Are smart phones really humanity’s most significant innovation since the moon landings? Or can something else explain why the bold visions of the 20th century—fusion power, genetic enhancements, artificial intelligence, cures for common disease, extended human life, and a host of other world-changing advances—have remained beyond our grasp? Why has the high-tech future that seemed imminent in the 1960’s failed to arrive?
Perhaps it did arrive… but only for a select few.
Particle physicist Jon Grady is ecstatic when his team achieves what they’ve been working toward for years: a device that can reflect gravity. Their research will revolutionize the field of physics—the crowning achievement of a career. Grady expects widespread acclaim for his entire team. The Nobel. Instead, his lab is locked down by a shadowy organization whose mission is to prevent at all costs the social upheaval sudden technological advances bring.

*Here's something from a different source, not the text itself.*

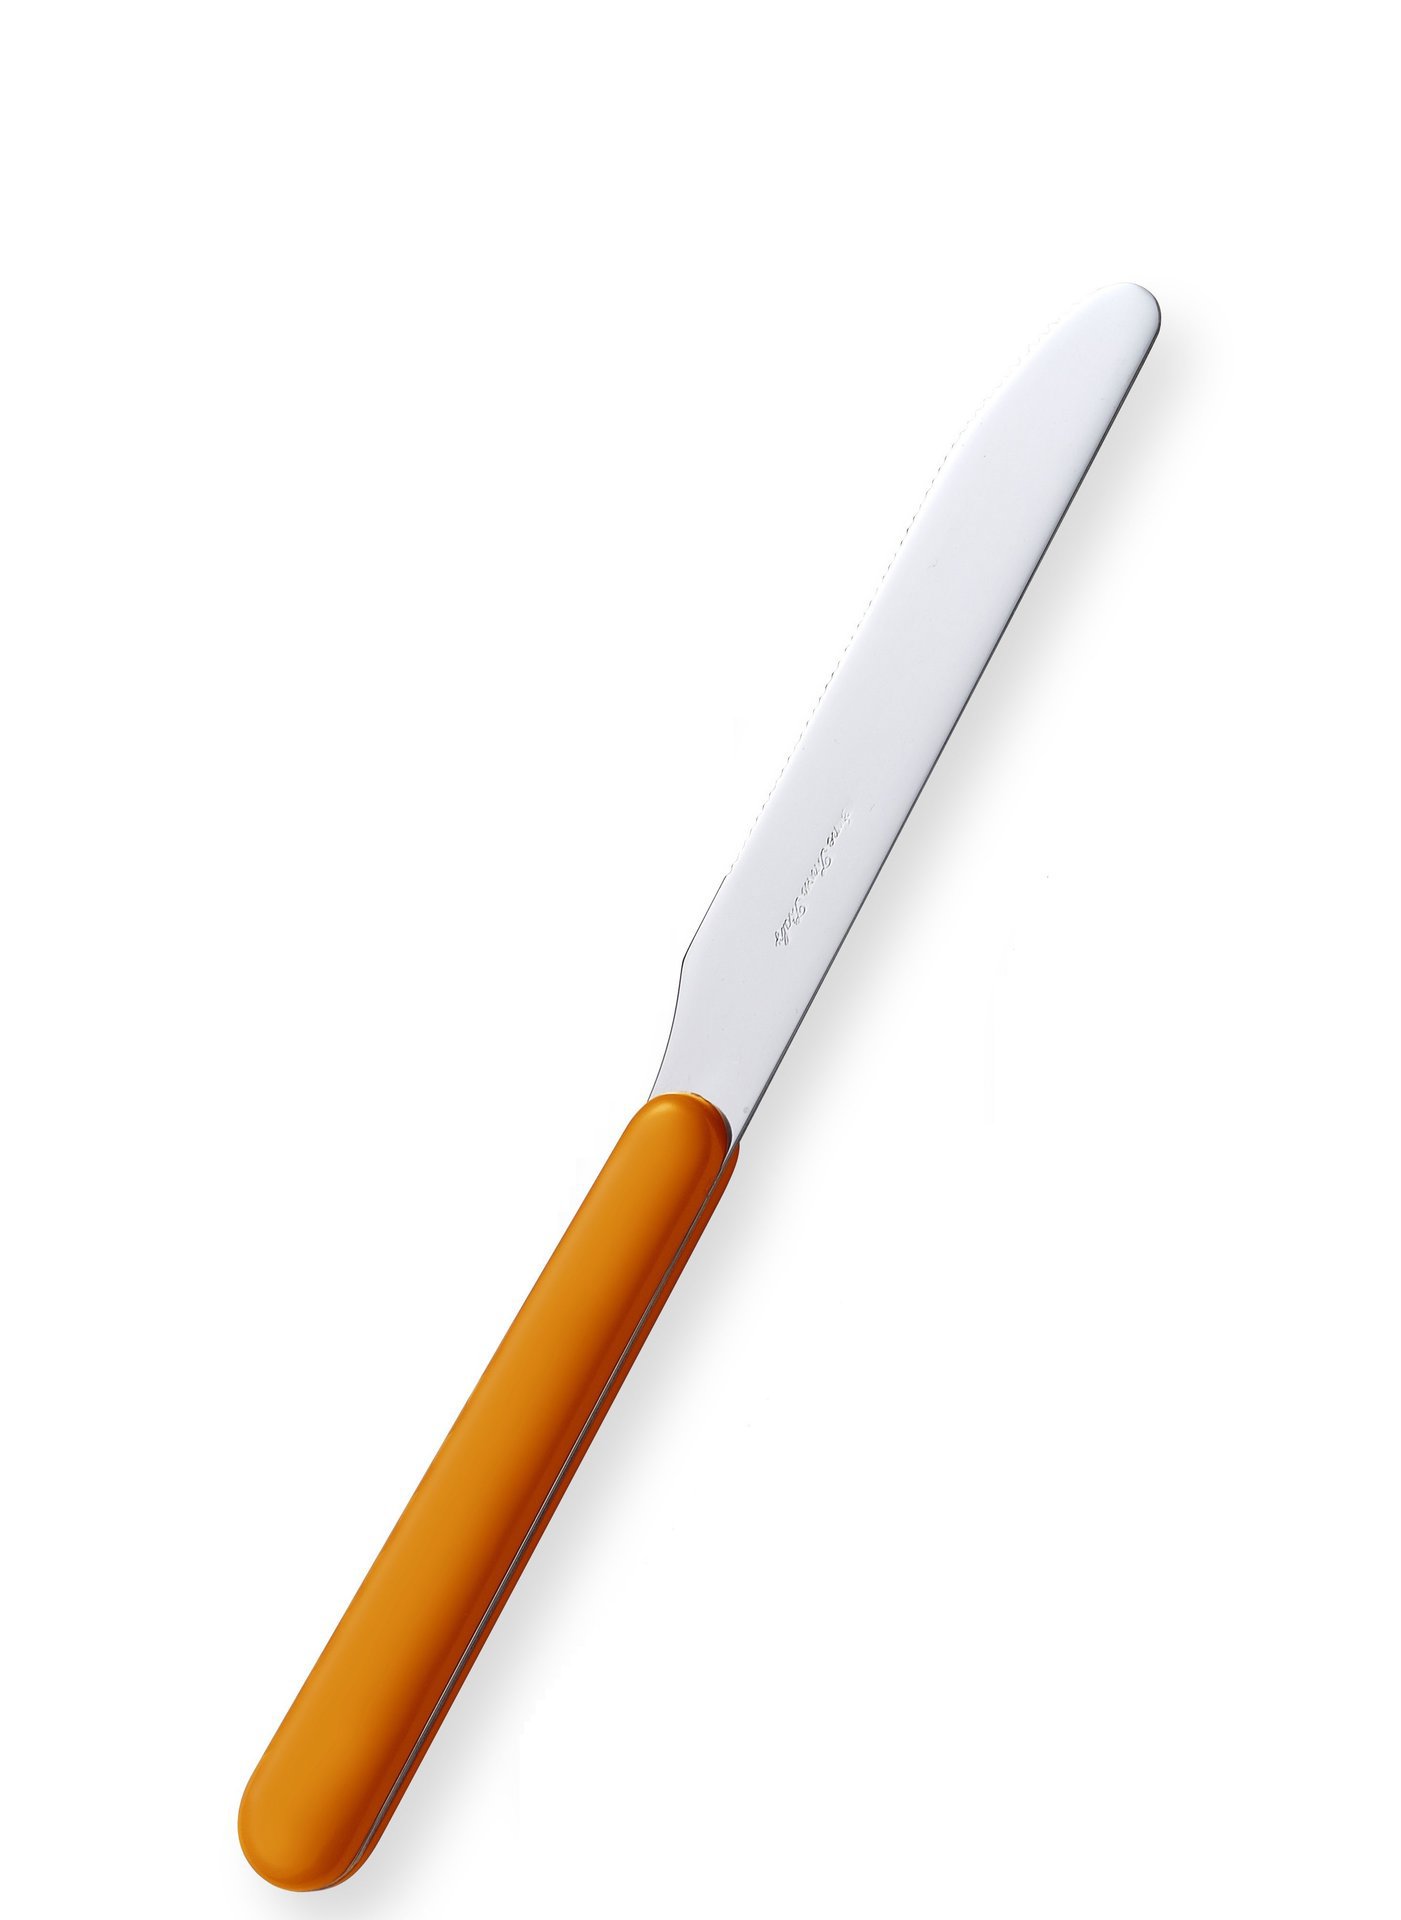 90142919 Нож столовый BONITA с пластиковой ручкой оранжевый 7305_3 2 шт STLM-0115874 EME POSATERIE

This Bureau of Technology Control uses the advanced technologies they have harvested over the decades to fulfill their mission.
They are living in our future.
Presented with the opportunity to join the BTC and improve his own technology in secret, Grady balks, and is instead thrown into a nightmarish high-tech prison built to hold rebellious geniuses like himself. With so many great intellects confined together, can Grady and his fellow prisoners conceive of a way to usher humanity out of its artificial dark age?
And when they do, is it possible to defeat an enemy that wields a technological advantage half a century in the making?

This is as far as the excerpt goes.